REQUIREMENT - From the first line to the last, set down the material exactly, leaving out its pictures.

DATA SECTION -
=-=-=

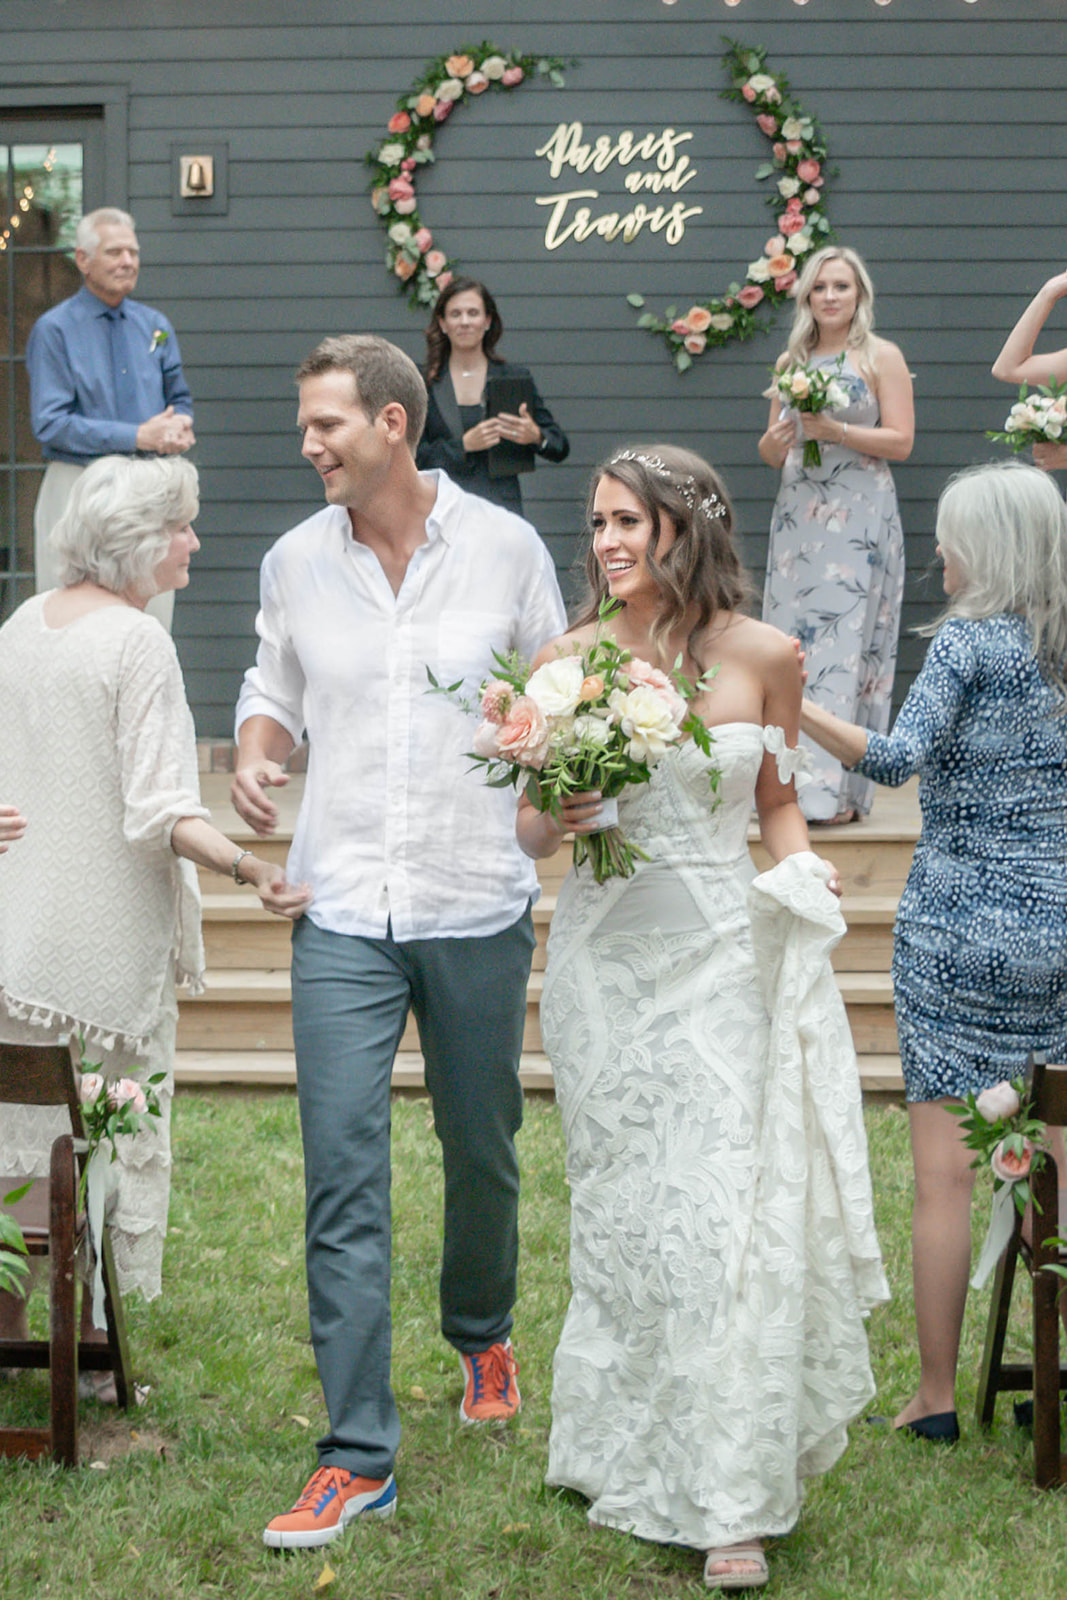 Intimate Boho Albaster Collective Wedding featured on Nashville Bride Guide
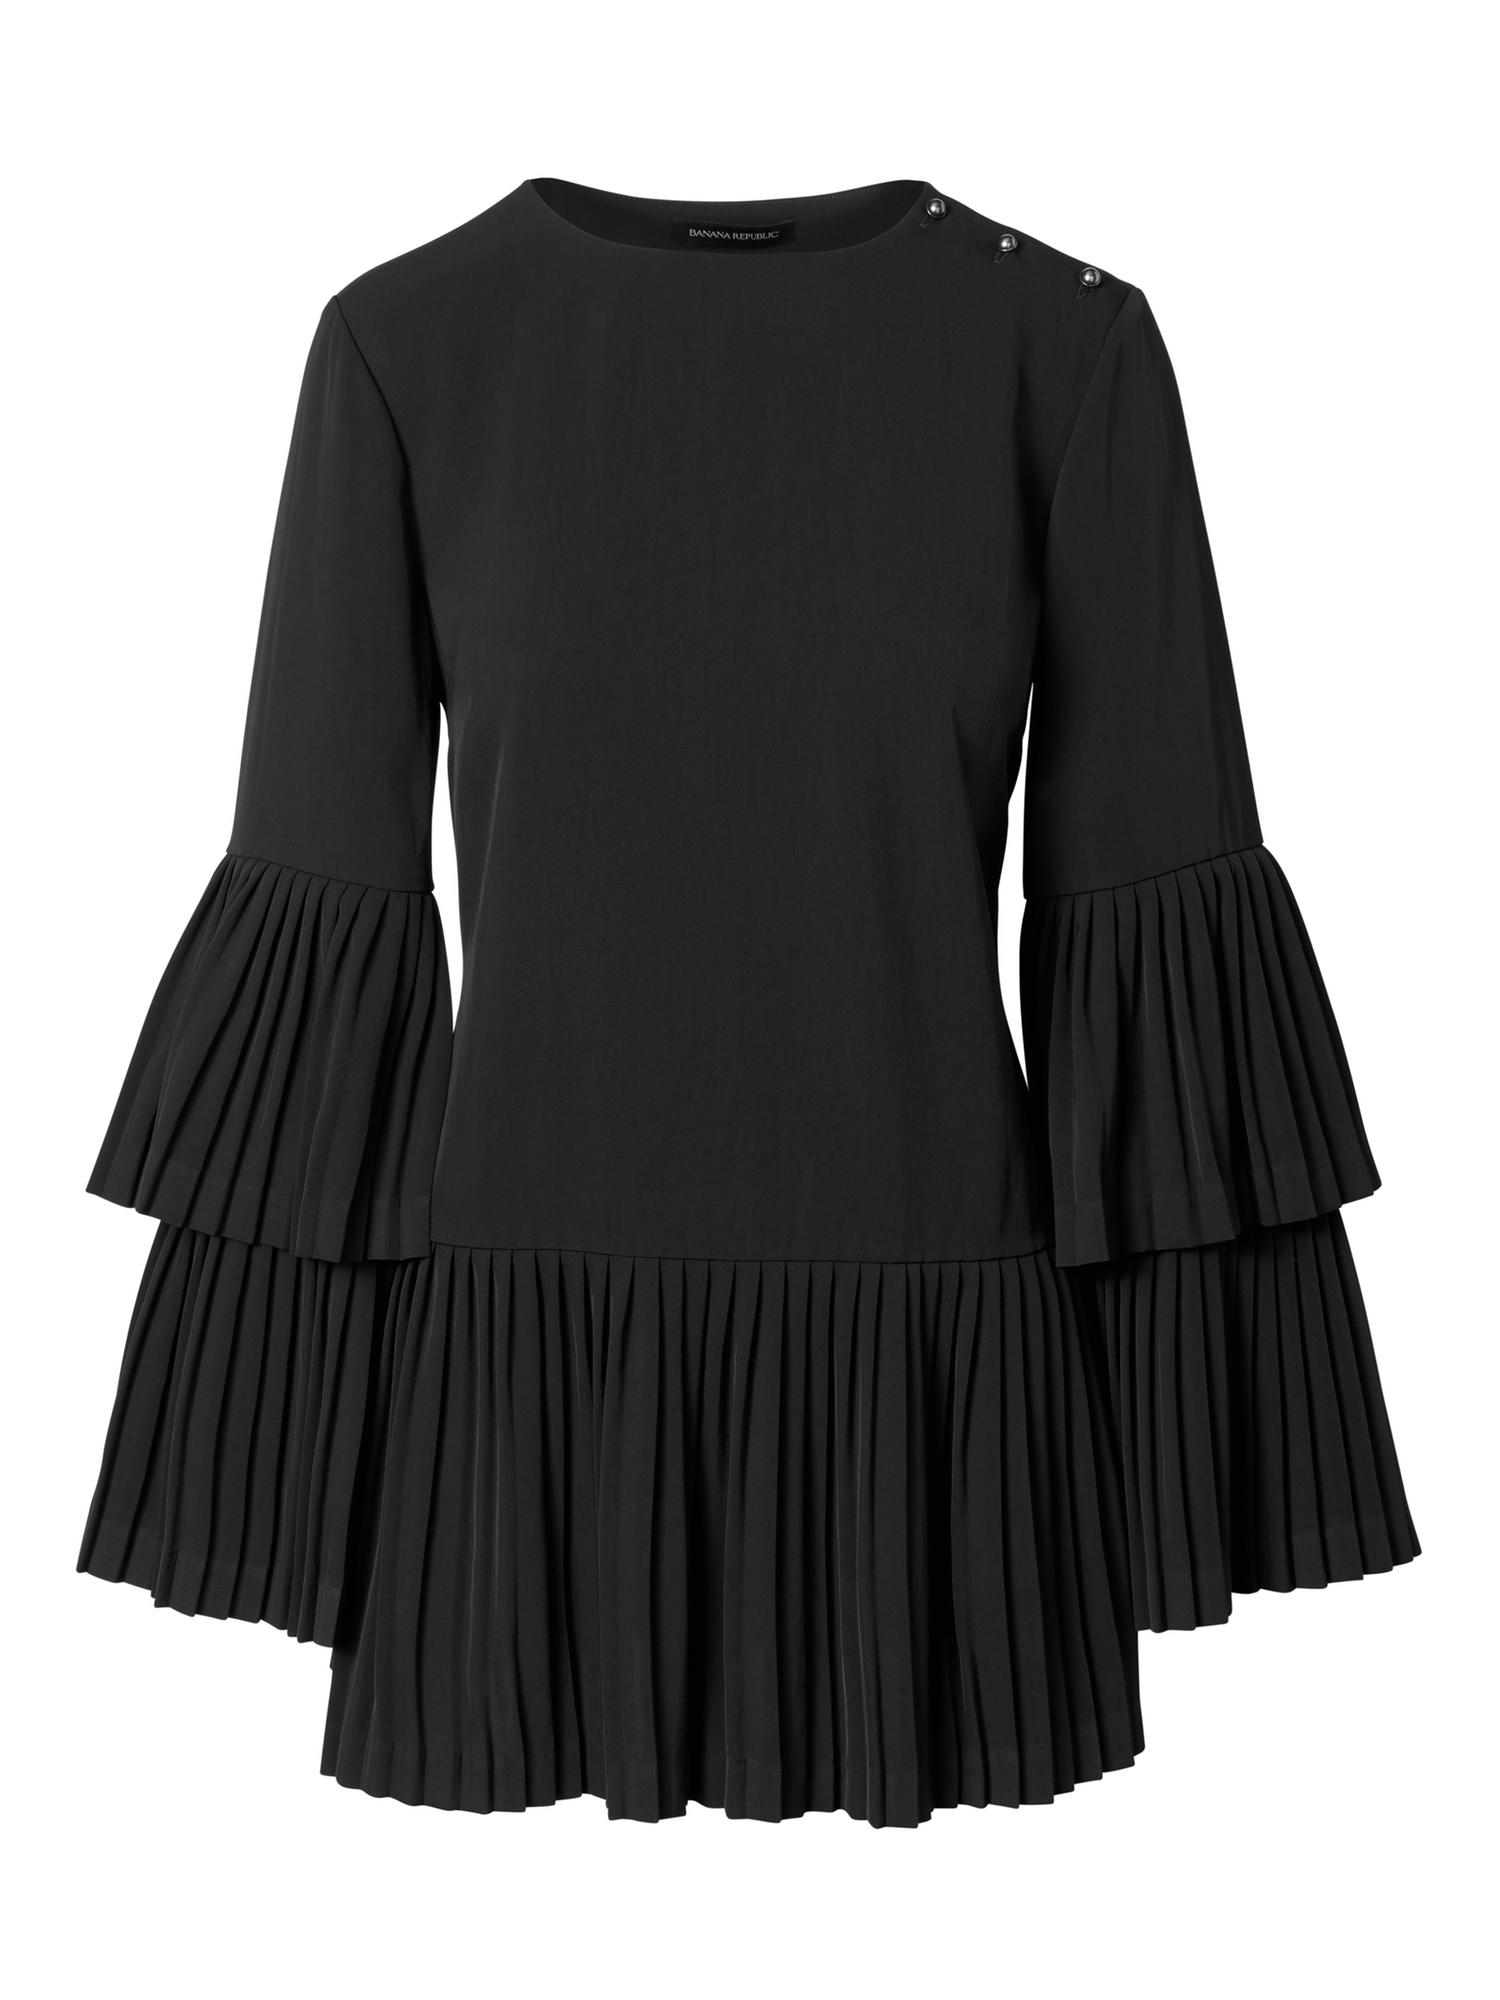 Banana Republic x Olivia Palermo &#124; Tiered Bell-Sleeve Top
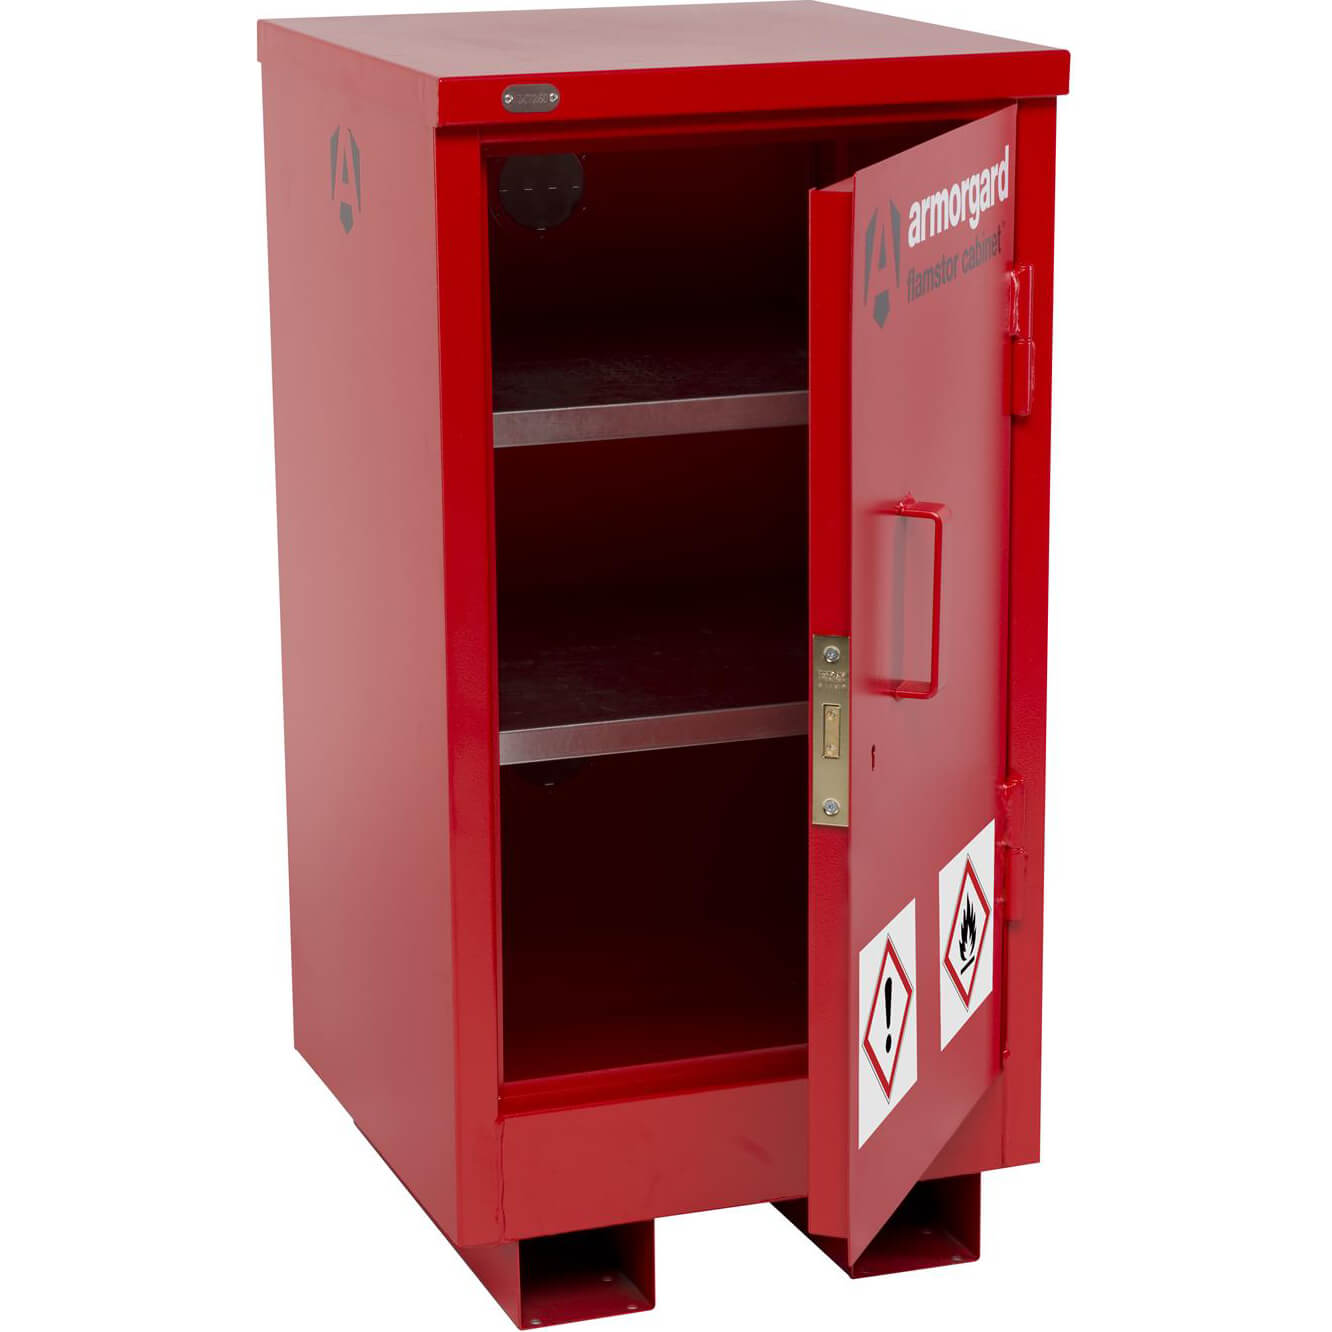 Image of Armorgard Flamstor Chemical and Flammables Hazardous Cabinet 2500mm 750mm 2300mm

=-=-=

TASK ANSWER -
 Intimate Boho Albaster Collective Wedding featured on Nashville Bride Guide
 Banana Republic x Olivia Palermo &#124; Tiered Bell-Sleeve Top
 Image of Armorgard Flamstor Chemical and Flammables Hazardous Cabinet 2500mm 750mm 2300mm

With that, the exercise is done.